Detecting whether or not your child is being bullied can be tricky as you may not know if they are just being kids/teenagers, or if something more serious is going on. Don’t ignore any warning signs such as an extreme change (more or less) in texting or using social websites coupled with either being withdrawn and upset or angry.
Or, perhaps your child asks you to have a social media account shut down and abruptly avoids social situations. It’s also possible that an outside source has opened a social media account in your child’s name to post false information. Blocking numbers or emails or acquiring copious new phone numbers and email addresses on his/her device can also be a sign that something’s fishy.
While it’s easier said than done, preventing cyberbullying should be the first course of action. For example, monitor your children’s online usage and don’t allow them to have their own computer in their room. Learn how to manage social networking platforms and ask to see their profile page. At the same time, build a trusting relationship — research has shown that a positive parent-child relationship makes it less likely that the youngster will participate in bullying behavior as to not damage a trusted bond. Have regular conversations about cyberbullying before something potentially happens — but if it does, tell your children not to respond to any threats or comments.
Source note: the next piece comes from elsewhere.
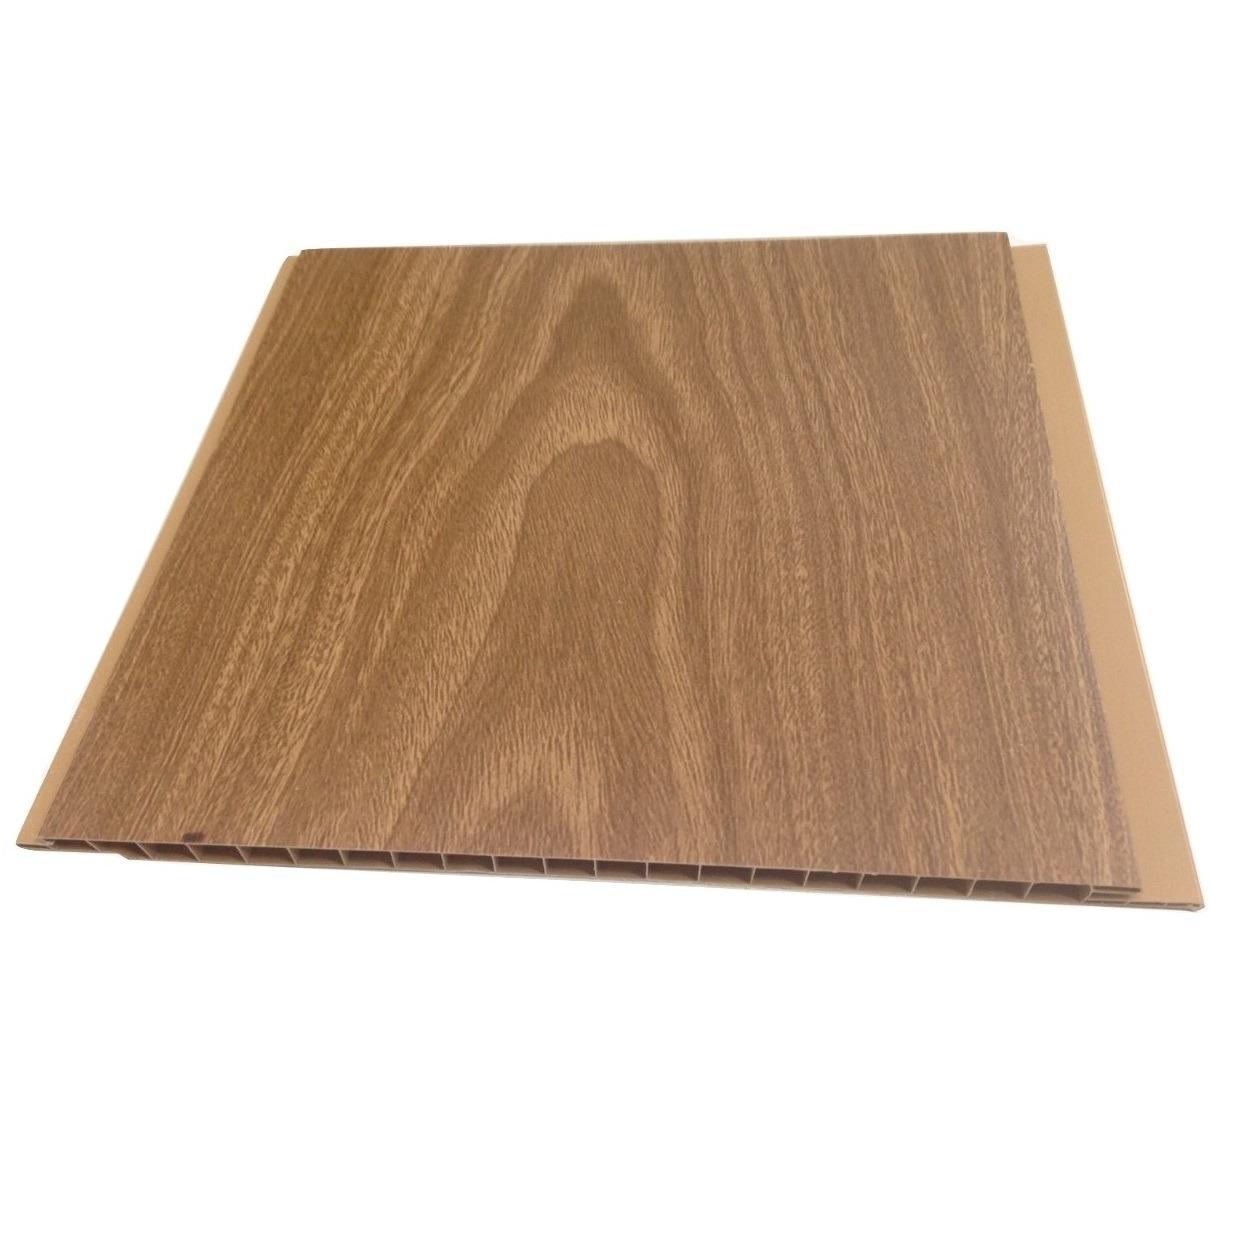 Forro PVC Madeirado 20 x 600 cm - 22060038 - Perfilplast

Instead, have them print out all the messages (to include screen names and email addresses) so you can prove there’s a cyberbullying issue.
Work with your children, not against them, if they are dealing with bullying. Don’t blame them or threaten to take away their phone or computer as this may only cause them to hold back information. Instead, take any evidence to the school if that’s the origin of the problem. Speak to a guidance counselor, teacher, and/or principal about the matter before involving any other parent. Keep in mind that in many cases, these professionals have to witness an act before intervening, so request that they keep an eye out for any aggressive behavior.
Studies indicate that kids and teens are spending more than 50 hours a week (like a full-time job with overtime) in front of some form of screen. With that in mind, plan weekly activities that remove the entire family from electronics. Take a walk after dinner, play a sport in the backyard, and institute a no phone rule during mealtimes. The more your children experience real life, the less they may want to spend so much time online.